Women Deliberators and Post-conflict Justice

On Monday 20 February, LSE’s Centre for Women, Peace and Security hosted a seminar by Dr Denisa Kostovicova (Department of Government) and Tom Paskhalis (Department of Methodology) on ‘Women Deliberators and Post-conflict Justice: What Kind of Voice?’

The Centre for Women, Peace and Security, London School of Economics and Political Science

20 February 2017

Women Deliberators and Transitional Justice: What Kind of Voice?

Denisa Kostovicova (Department of Government, London School of Economics and Political Science) and Tom Paskhalis (Department of Methodology, London School of Economics and Political Science)
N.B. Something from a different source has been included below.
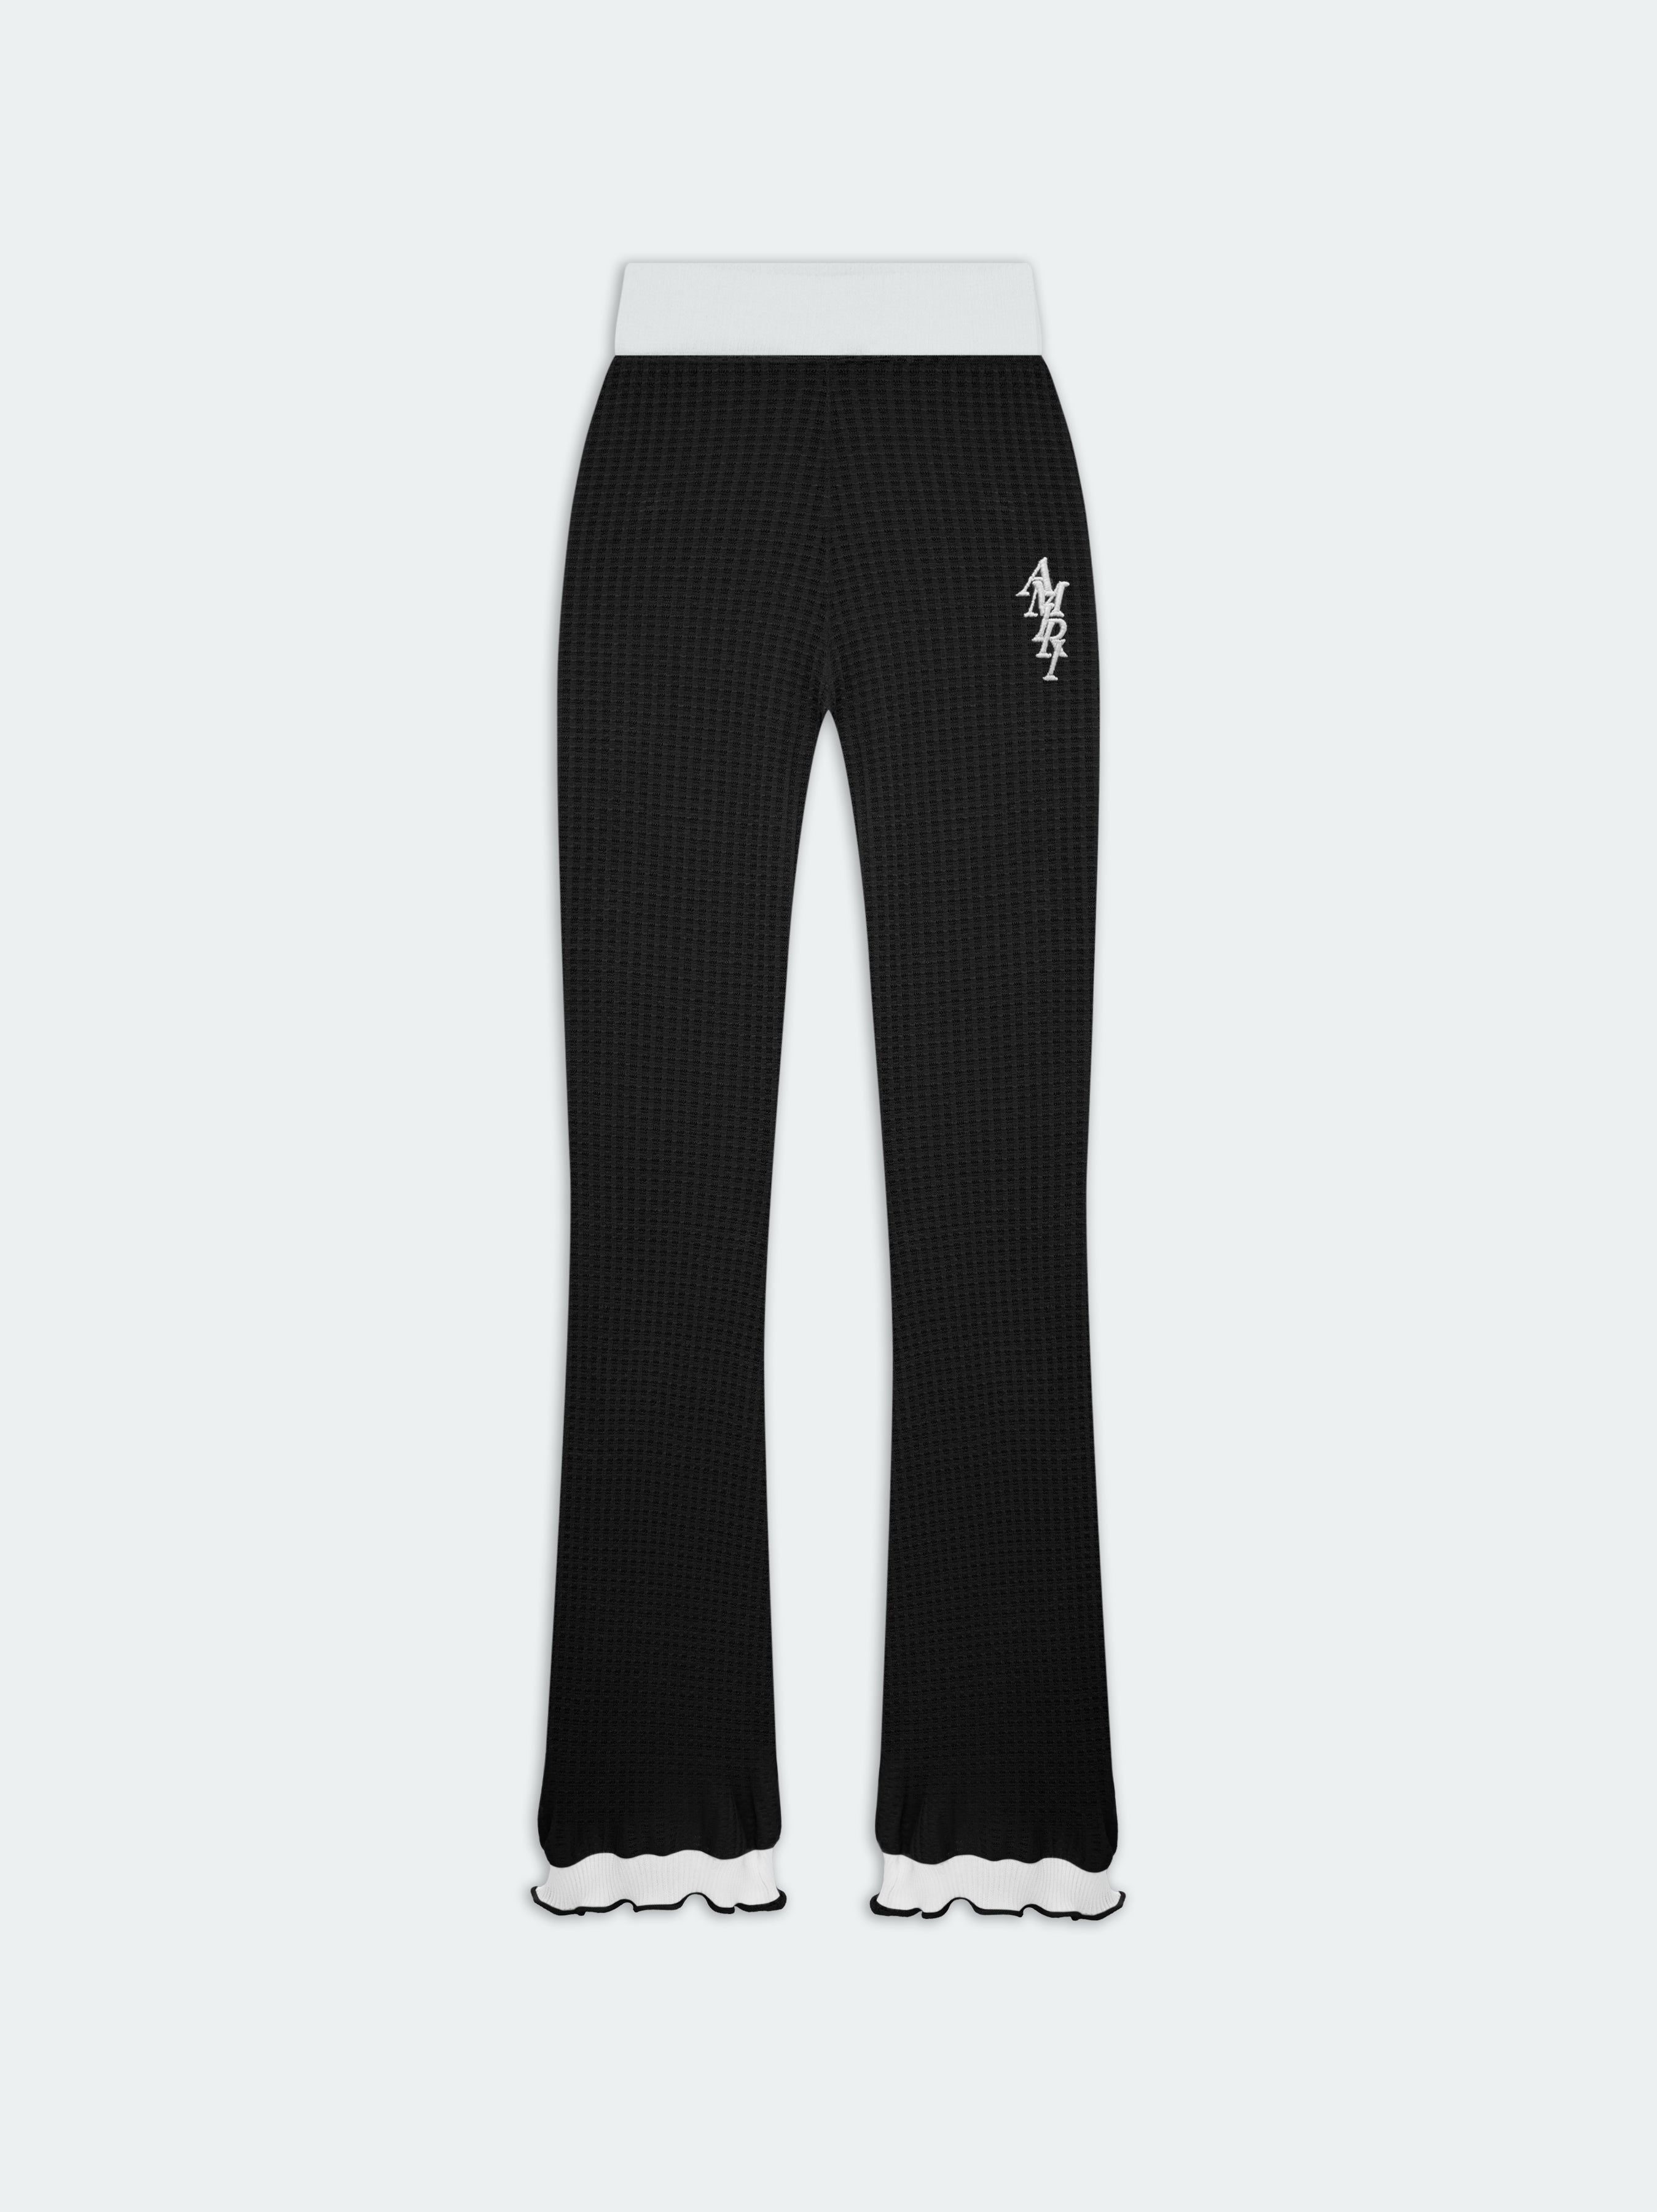 Product WOMEN - FLARE KNIT PANT - Black featured image

This first exploratory paper, part of the LSE’s programme of research of the ‘Art and Reconciliation: Conflict, Culture and Community’ project, addressed the role of women in reconciliation. The recent turn in the scholarship on transitional justice that studies how states and societies engage with the legacy of mass atrocity has been to investigate the women’s perspective on post-conflict justice. This welcome development in the field is part of an effort to investigate a paradox: transitional justice measures do not necessarily deliver either justice or reconciliation, which are their key aims, and, by contrast, often entrench injustice. The gender perspective has shone the light on blind spots in this scholarship that result in highly gendered masculinized versions of post-conflict justice. This paper furthers the study of women’s voice in post-conflict justice processes, by overcoming the silence-voice dichotomy in theorising women’s contribution to peace-building. It brings together the scholarship of transitional justice and the theory of deliberative democracy. Scholars of deliberative democracy have also highlighted inequalities in women’s participation in deliberation, concerning both the conditions for deliberation and the frequency of women’s contributions. We argue that more can be gleaned about women’s contribution to transitional justice understanding the ‘kind’ of voice women have in these processes by investigating the women’s role in the RECOM, which is the unique regional civil society justice-seeking initiative in the Balkans. We combine quantitative content analysis and quantitative text analysis to answer the following questions: Can women deliberate as capably as men? Do they use more stories than men? Are their contributions more reconciliatory?